Cut Cold Starts with Minimum Instances in Function Compute - Function Compute

When a function receives its first request after a period of inactivity, Function Compute must initialize a new instance — a process known as a cold start that adds latency. Setting the minimum number of instances to a value greater than 0 keeps pre-allocated instances warm and eliminates cold start latency for latency-sensitive workloads. To handle traffic fluctuations automatically, configure elastic policies that scale the minimum number of instances up or down based on a schedule or metric thresholds.

Important

Pre-allocated instances are billed regardless of whether they are processing requests or idle. Active instances are charged at the active elastic instance rate; idle instances are charged at the idle elastic instance rate. For details, see Billing overview.

Elastic policies can only be configured for a function alias or the LATEST version.

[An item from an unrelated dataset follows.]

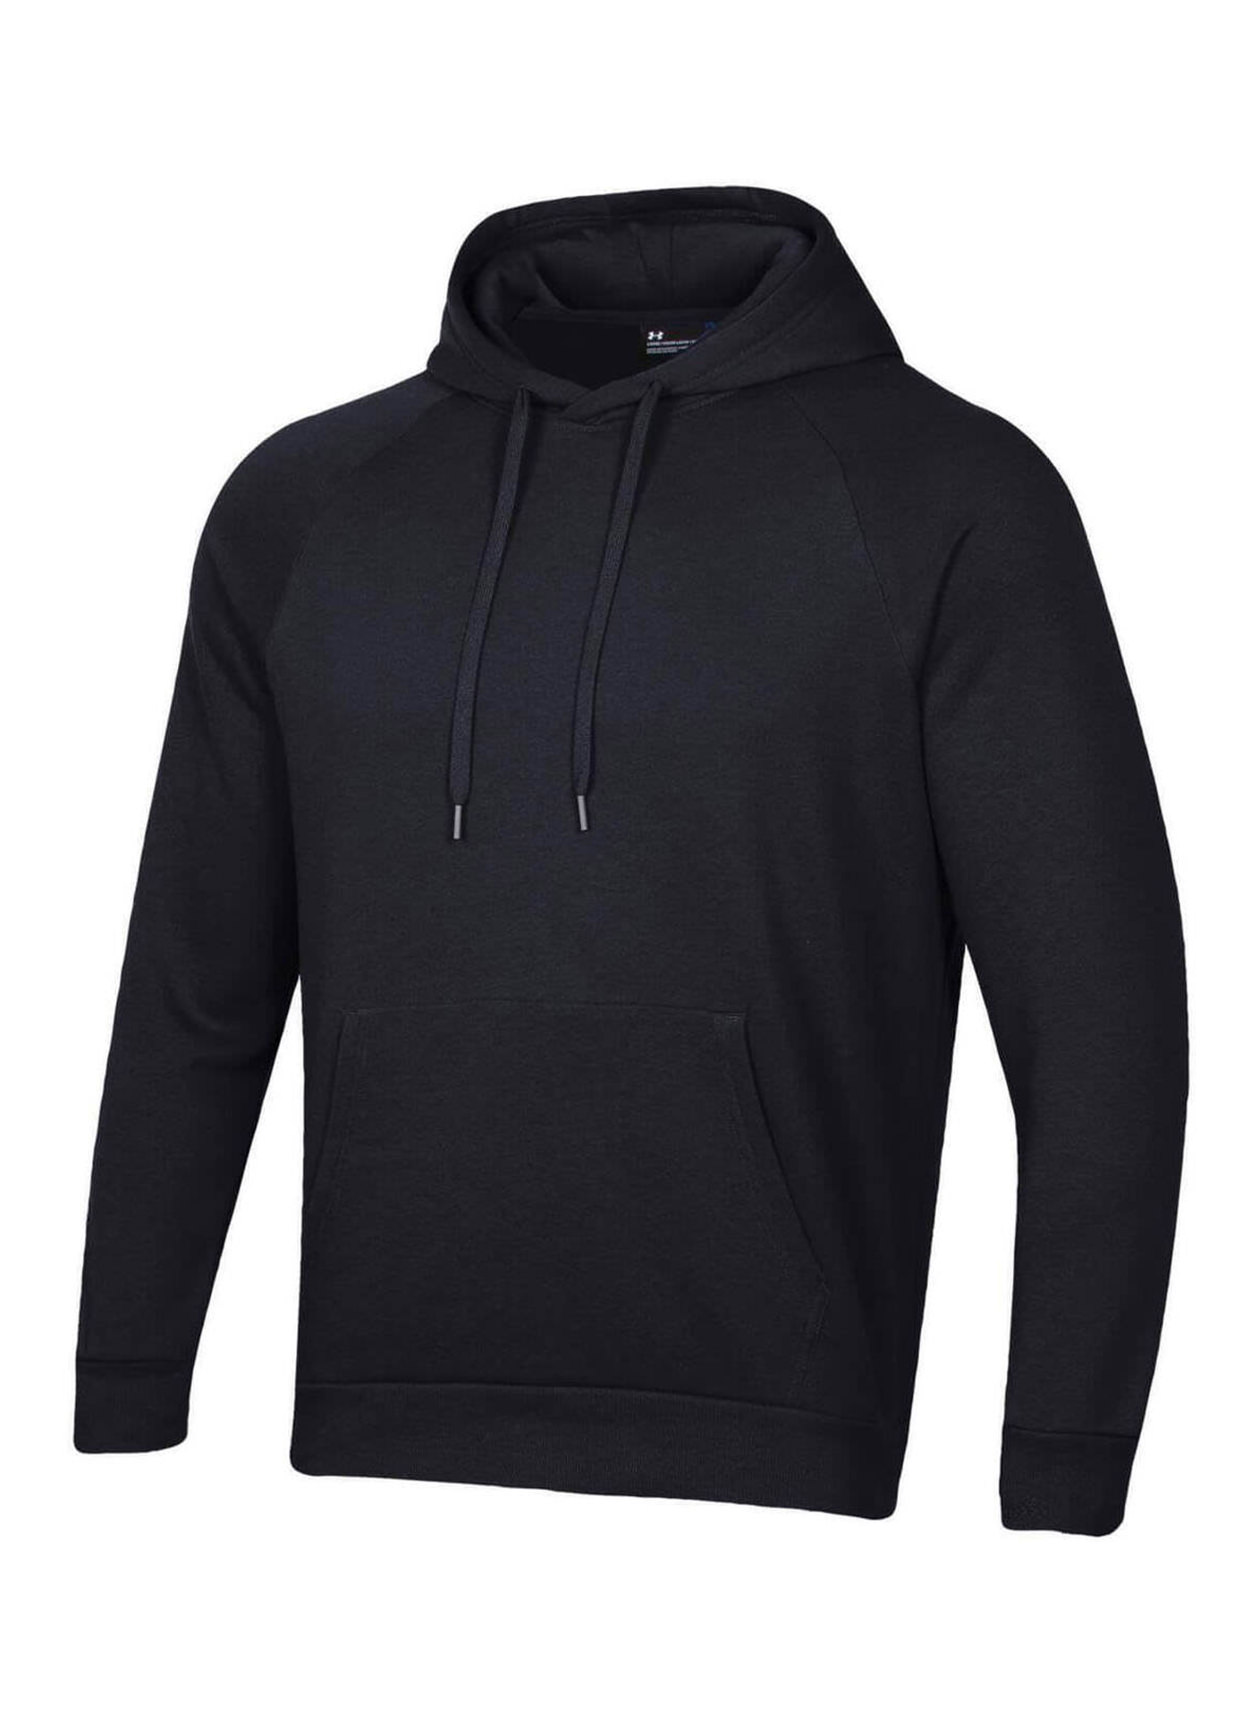 Under Armour Men's Black All Day Hoodie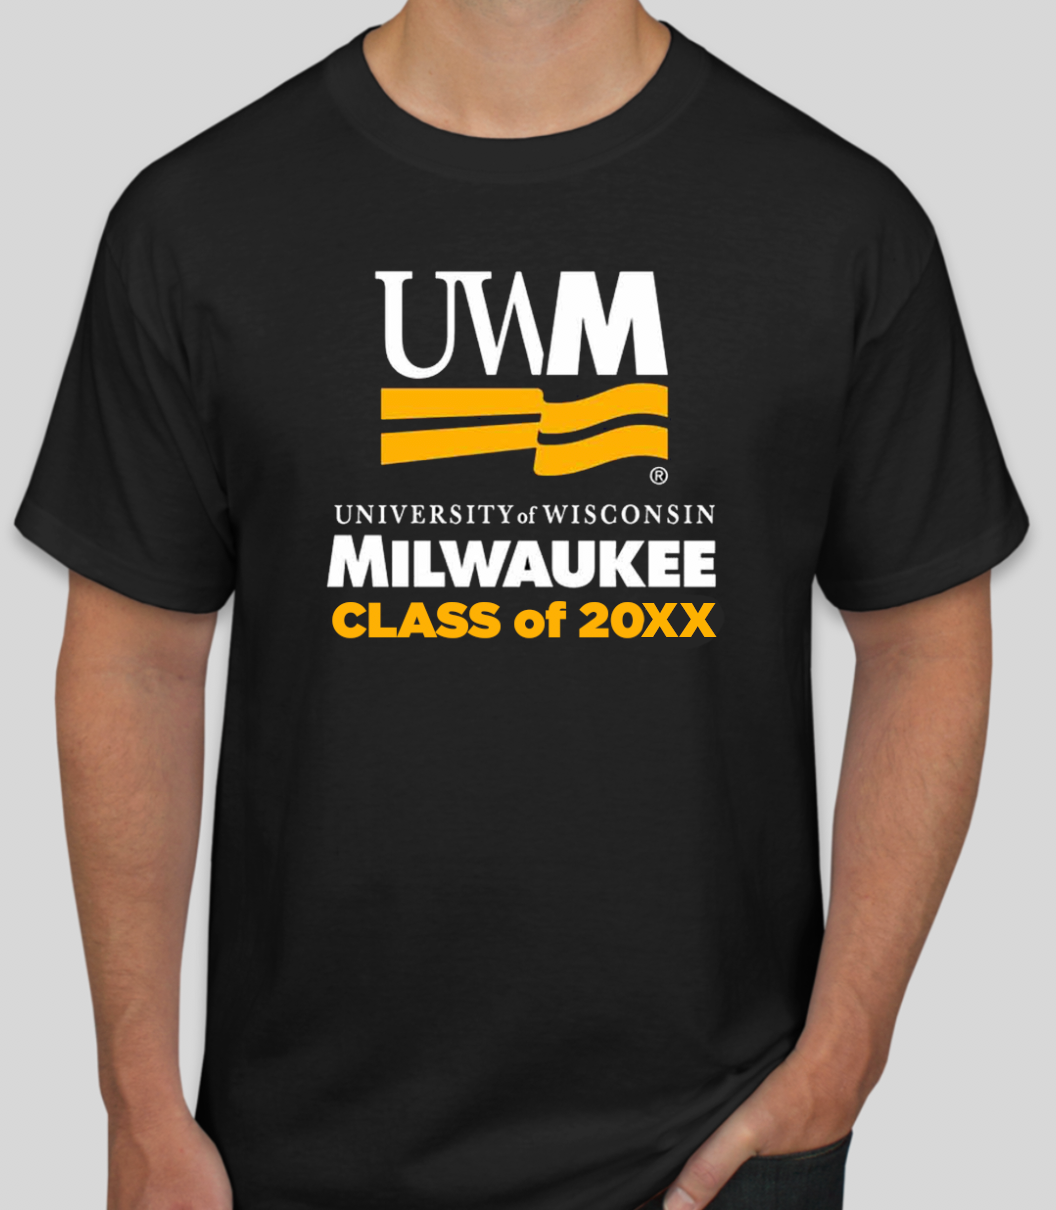 University of Wisconsin Milwaukee Commencement Group

Set the minimum number of instances

Log on to the Function Compute console. In the left-side navigation pane, click Functions.
In the top navigation bar, select a region. On the Functions page, click Create Function.
On the Create Function page, go to the Elastic Configuration section and set the Minimum Number Of Instances parameter. Configure the remaining required parameters, then click Create.

Configure elastic policies

Elastic policies automatically adjust the minimum number of instances without manual intervention. Two policy types are supported: Scheduled Scaling and Threshold-based Scaling.

Note

When multiple auto scaling policies are active simultaneously, the system uses the highest Minimum Number Of Instances value across all active policies. For details, see How is the current minimum number of instances calculated?
While any elastic policy is active, the initial Minimum Number Of Instances value is ignored. When no policy is active, the minimum number of instances reverts to that initial value.

To configure an elastic policy:

On the function details page, click the Elastic Configuration tab. In the Elastic Policies section, click Edit in the row of the target policy.
In the Edit Elastic Policy panel, configure a Scheduled Scaling or Threshold-based Scaling policy.

Scheduled scaling

Scheduled scaling suits functions with predictable traffic patterns or known peak periods. At the scheduled times, the system adjusts the minimum number of instances; concurrent invocations beyond that minimum are handled automatically by on-demand elastic instances. For background on how scheduled scaling works, see Scheduled scaling.

The example above uses the Asia/Shanghai (UTC+8) time zone. The policy runs indefinitely, scaling out to 50 instances at 10:00 on weekdays (Monday through Friday) and scaling in to 5 instances at 22:00.

Threshold-based scaling

The system periodically samples metrics and scales the minimum number of instances when a threshold is crossed. For details, see Threshold-based scaling.

The metrics available depend on the function type:

CPU functions	GPU functions

CPU functions: monitor Instance Concurrency Utilization and Memory Utilization
GPU functions: monitor Instance Concurrency Utilization and GPU-related resource utilization metrics

The example above uses the Asia/Shanghai (UTC+8) time zone. The policy is active from 00:00 on July 15, 2025, to 00:00 on July 31, 2025, and tracks Instance Concurrency Utilization. When utilization exceeds 60%, the system scales out up to a maximum of 100 instances. When it falls below 60%, the system scales in to a minimum of 10 instances.

Periodic scaling with a CRON expression

For functions with regular, repeating patterns, use a CRON expression to define the scaling schedule precisely.

The example above uses the Asia/Shanghai (UTC+8) time zone. The minimum number of instances scales out to 10 at 10:00 every Monday and scales in to 1 at 22:00 every Friday.

Modify or delete an elastic policy

Log on to the Function Compute console. In the left-side navigation pane, choose Function Management > Elastic Policies. Find the target policy, then click Edit or Delete in the Actions column.

Important

Deleting an elastic policy for an alias releases all pre-allocated instances for that alias. The function then falls back to on-demand scaling, which may involve a cold start. For CPU-based functions, the average cold start time is typically hundreds of milliseconds, depending on application startup speed. For GPU-based functions, it can be several minutes, depending on model size and loading speed.

What's next

To cap the total number of running instances for a function, configure function quotas. If the number of running instances exceeds the configured limit, Function Compute returns a throttling error.